Canada mourns passing of Paralympic coach Ken ThomAthletics and Paralympic community pay tribute following death in South Africa 27 Sep 2017
“For many years, he has been one of the constants in our sport, his legacy will remain for many years. We will never truly fill his void."
The Canadian athletics and Paralympic community has expressed its condolences following the sudden death of Paralympic coach Ken Thom, who passed away on 24 September in Cape Town, South Africa, as a result of a scuba diving accident.
“Ken [Thom] founded a programme where there was none. He built an environment where athletes of all abilities had the opportunity to reach their potential,” said Rick Reelie, Athletics Canada Wheelchair Coach and Co-Head Coach of the 2017 World Para Athletics Championships team.
“For many years, he has been one of the constants in our sport, his legacy will remain for many years. We will never truly fill his void, but I am certain that between his athletes, fellow coaches, clubs and programmes around the country, that his mark on the sport will be ever present.”
Thom was an instrumental part of the track and field programme with Cruisers Sports for the Physically Disabled. He also coached his son Curtis to appearances at the 2004, 2012 and 2016 Paralympic Games, as well as the 2006, 2011, 2013 and 2015 World Para Athletics Championships. Thom was also a personal coach to Austin Smeenk and Isaiah Christophe.

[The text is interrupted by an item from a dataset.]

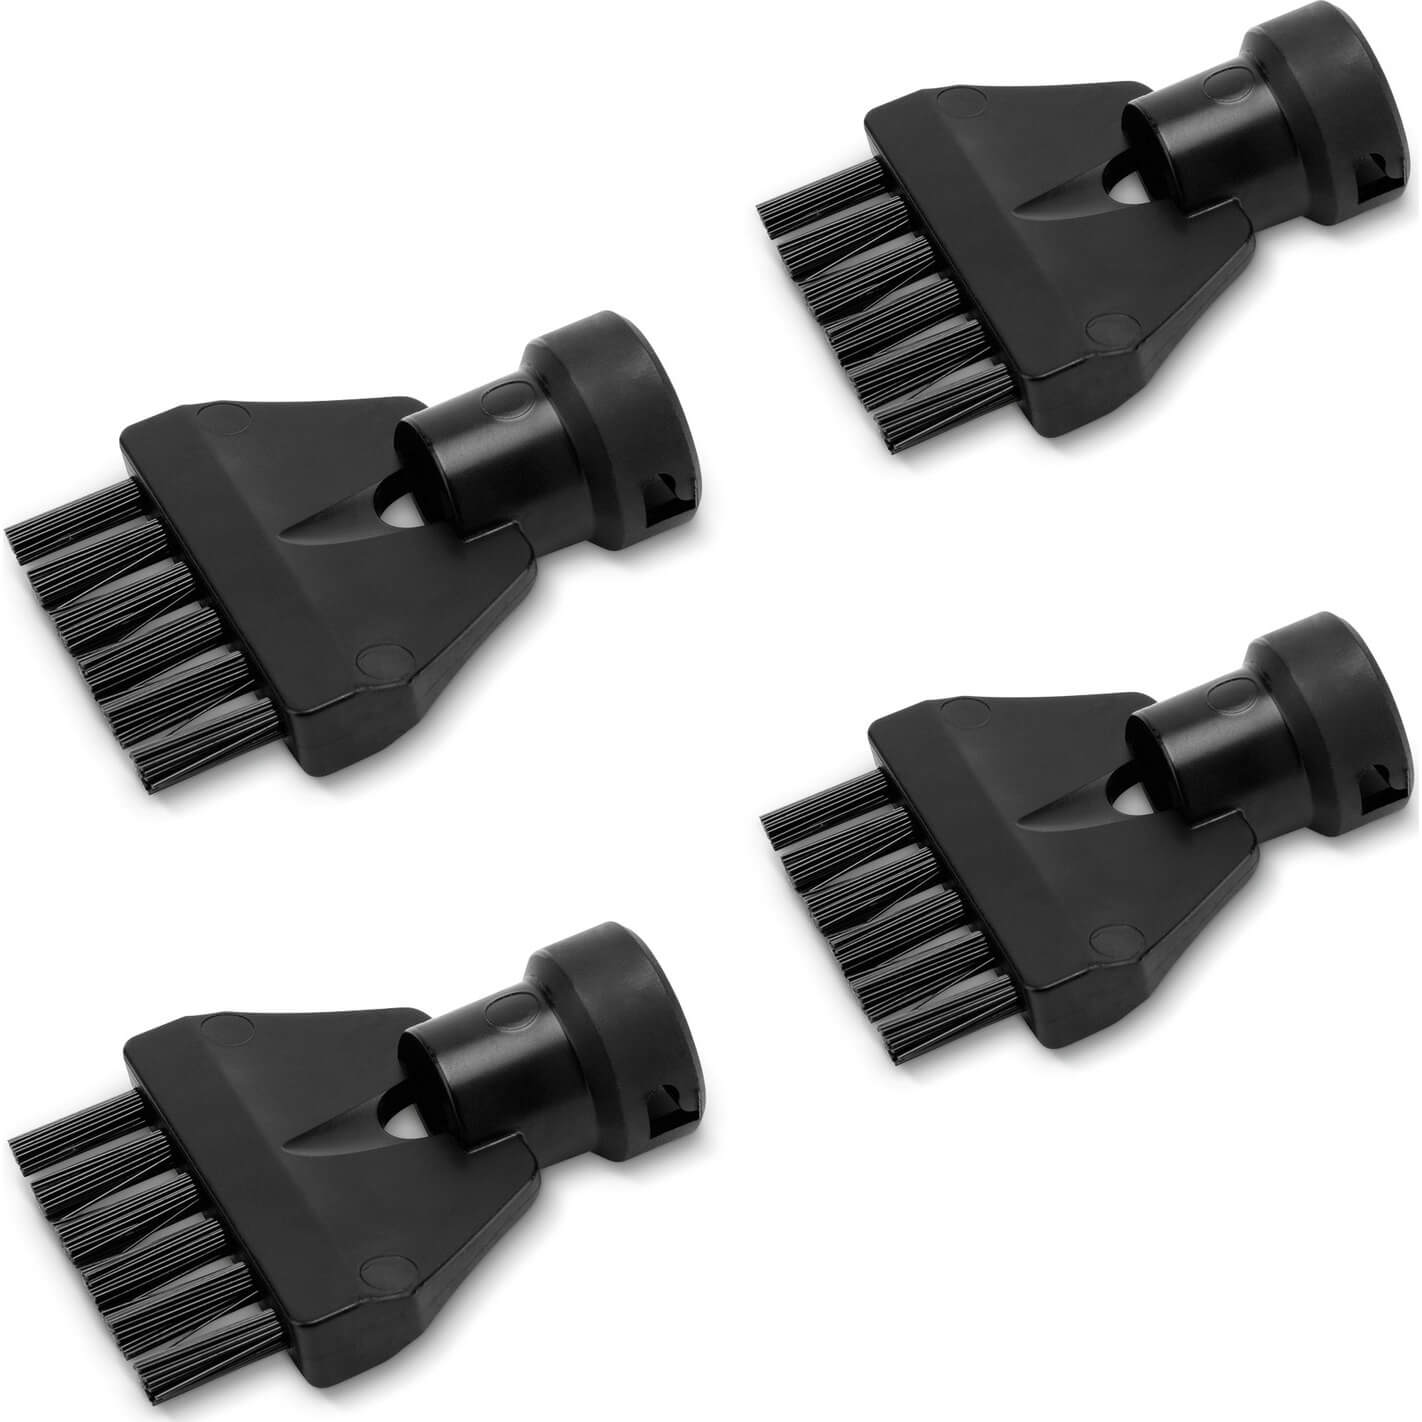 Karcher 4 Piece Crevice Brush Nozzle Set for SC Steam Cleaners
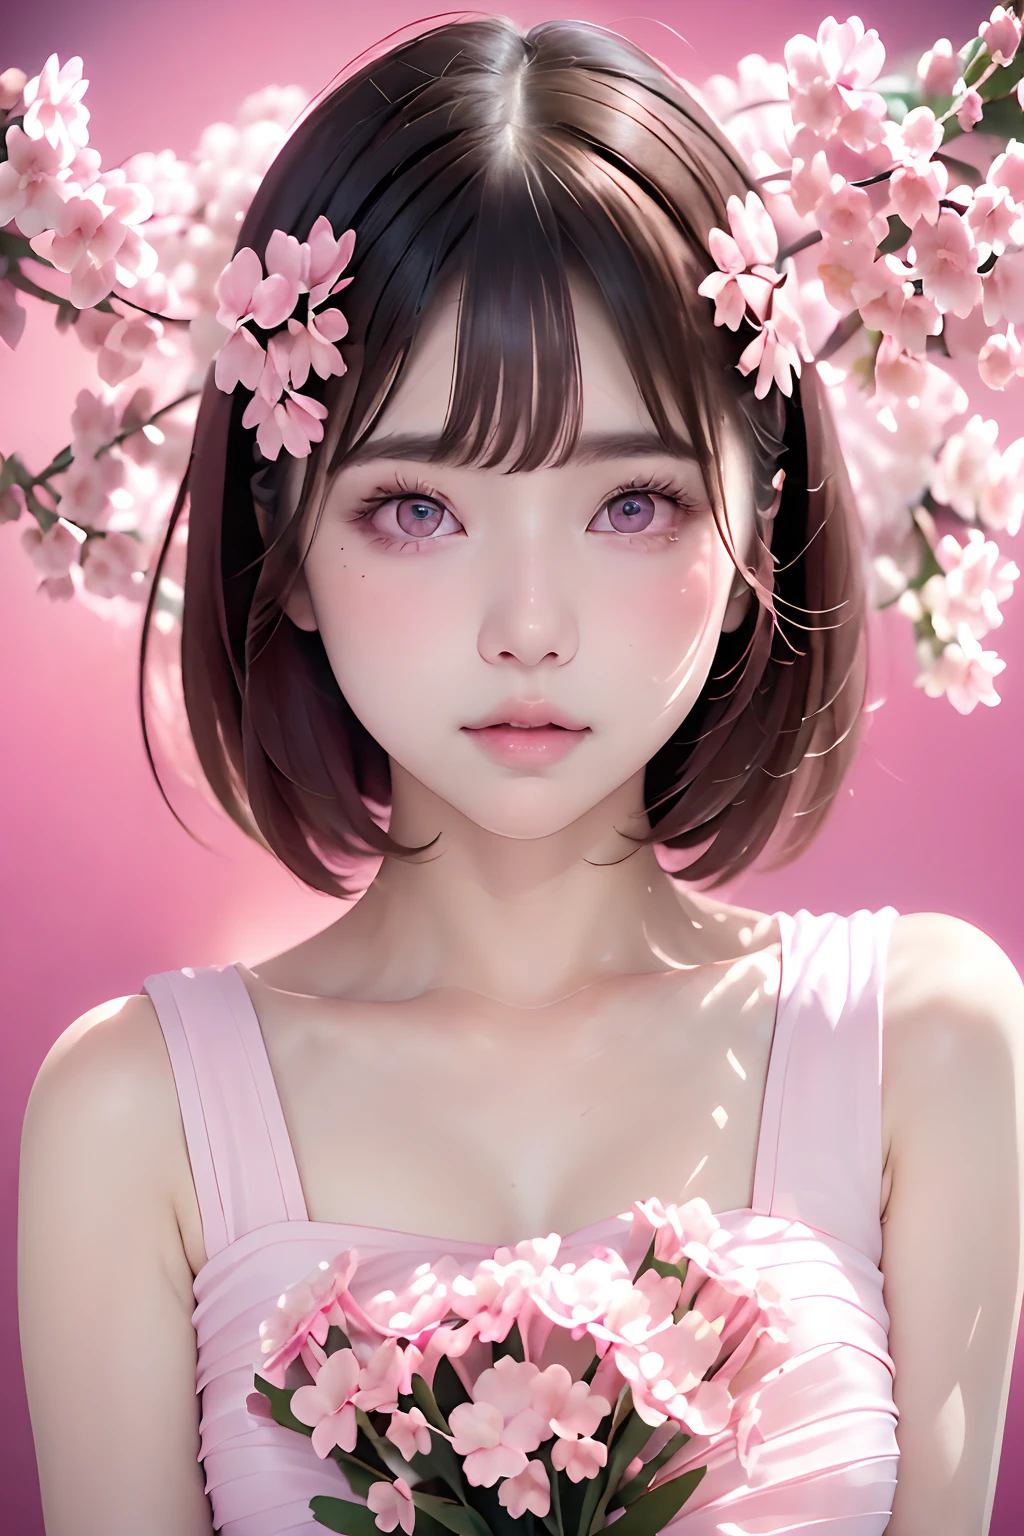 (((Pink background:1.3)))、((Bouquet of pink flowers、Large bouquet of pink flowers、Have a large bouquet of pink flowers:1.5))、Best Quality, masutepiece, High resolution, (((1girl in))), sixteen years old,(((Pink eyes:1.3)))、pink  dress、((PINK SHIRT:1.3、Pink Block Dress)), Tindall Effect, Realistic, Shadow Studio,Ultramarine Lighting, dual-tone lighting, (High Detail Skins: 1.2)、Pale colored lighting、Dark lighting、 Digital SLR, Photo, High resolution, 4K, 8K, Background blur,Fade out beautifully、Pink World

“You just knew you would see Ken and the Cruisers at training camps, competitions, nationals and major Games with his role as the Head Coach of the Bermuda Paralympic Track team, along with his personal athletes who consistently figured within the Canadian Paralympic Programme,” said Reelie.
“I know I’m not the only one who will miss his enthusiasm, commitment, knowledge and whit, along with that sense of humour where no one laughed harder than Ken at himself.”
In his professional life, Thom worked for 26 years with O-Two Controlled Ventilation in International Sales as a marketing manager. He leaves behind his wife Karen, sons Christopher and Curtis, daughter Stephanie and three grandchildren.